Ich starte in unsere jährliche Saftfastenwoche mit einer Tasse Tee. Heißer Holunder. Nach drei Schlucken habe ich kein Bock mehr auf Tee. Ich habe prinzipiell nichts gegen Holunder. Meine Haltung gegenüber Holunder würde ich als indifferent bezeichnen. Er ist mir schlichtweg egal. (Ohne zu googeln, weiß ich nicht einmal wie Holunder aussieht.) Aber normalerweise würde ich jetzt einen Kaffee trinken, der Körper und Geist aus dem Standby-Modus holt und mich in einen menschähnlichen Zustand transformiert. Da kann Holunder einfach nicht mithalten.

Koffein ist beim Saftfasten jedoch nicht erlaubt. Da haben die Saftfastengötter einen Riegel vorgeschoben. (Wie auch vor alles andere, was ein kleines bisschen Spaß machen würde.)

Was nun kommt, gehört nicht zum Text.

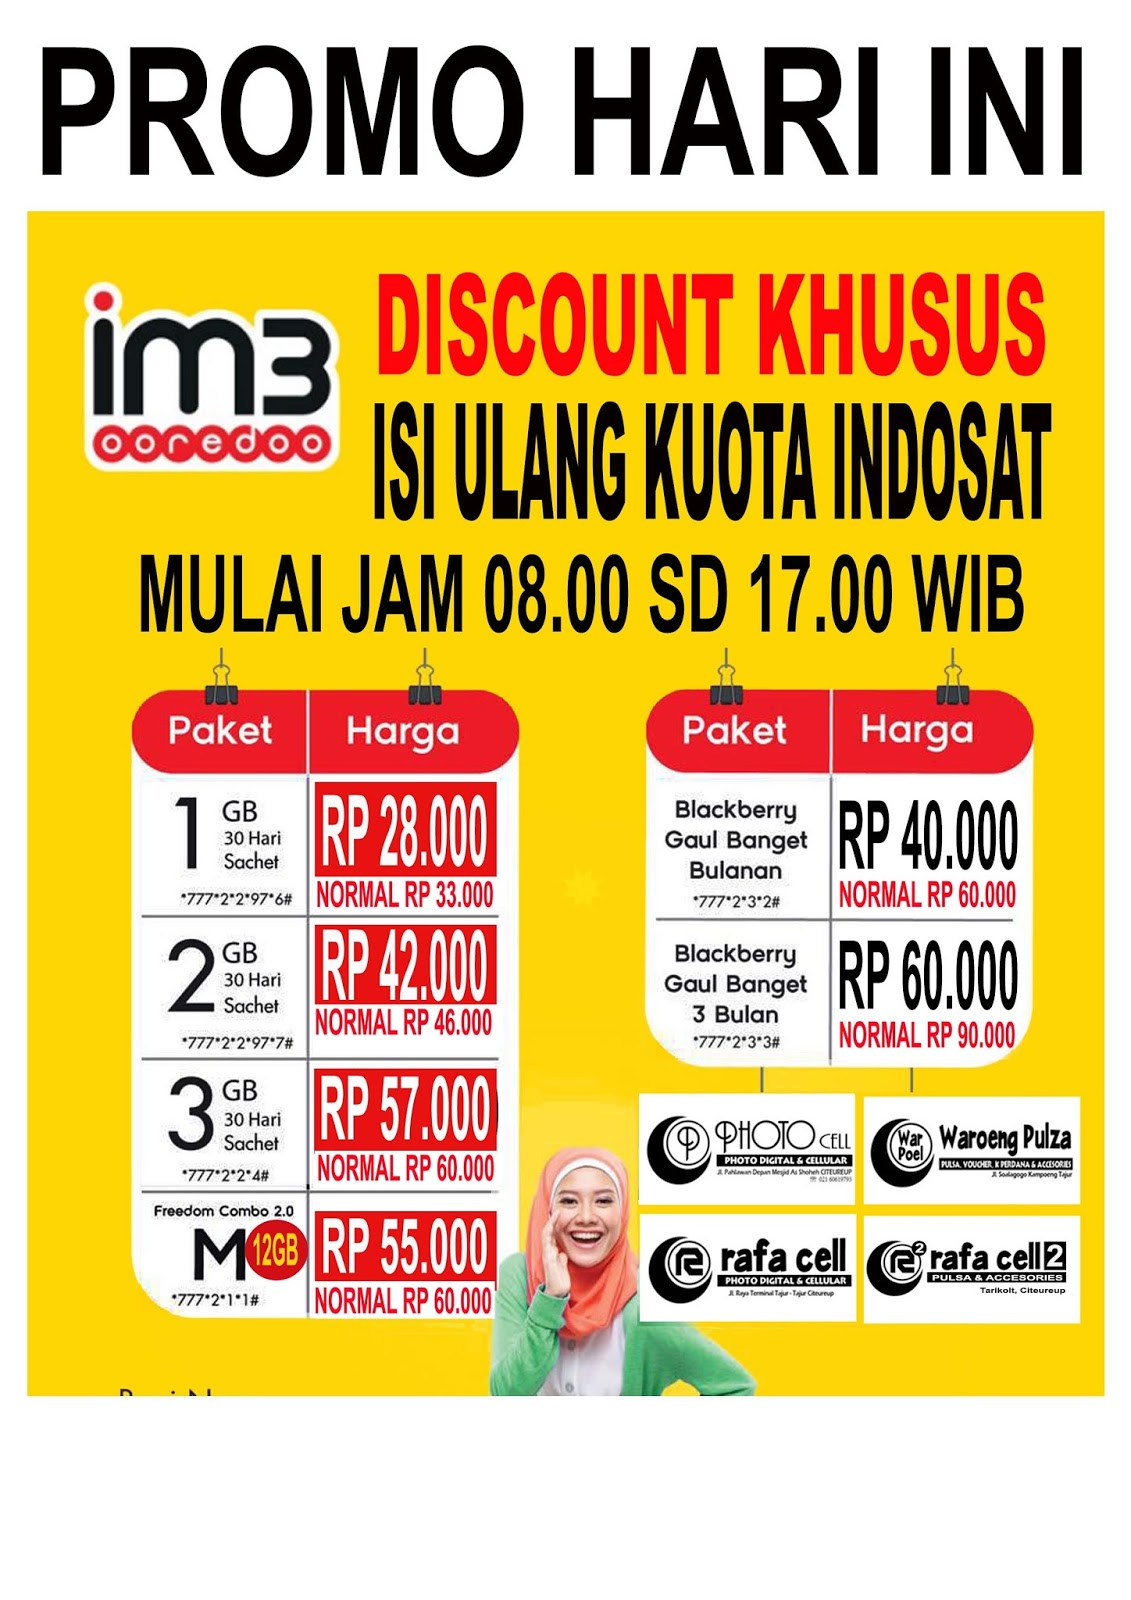 Photo Cell Citeureup Promo Isi Ulang Kuota Indosat Freedom Combo 12gb 1gb 28rb 2gb 42000 M 57000 Tlp Sms Unlimited Paketbb 1bln 40rb 3bln 60000 Berlaku Hari Senin 15 Agustus

Also sitze ich auf dem Sofa, nippe an meinem Holundertee und versuche mir einzureden, dass er eigentlich doch ganz lecker ist. Das will mir aber nicht recht gelingen. Für so viel Phantasie, Selbstsuggestion und Selbstbetrug bräuchte ich erstmal eine ordentliche Ladung Koffein.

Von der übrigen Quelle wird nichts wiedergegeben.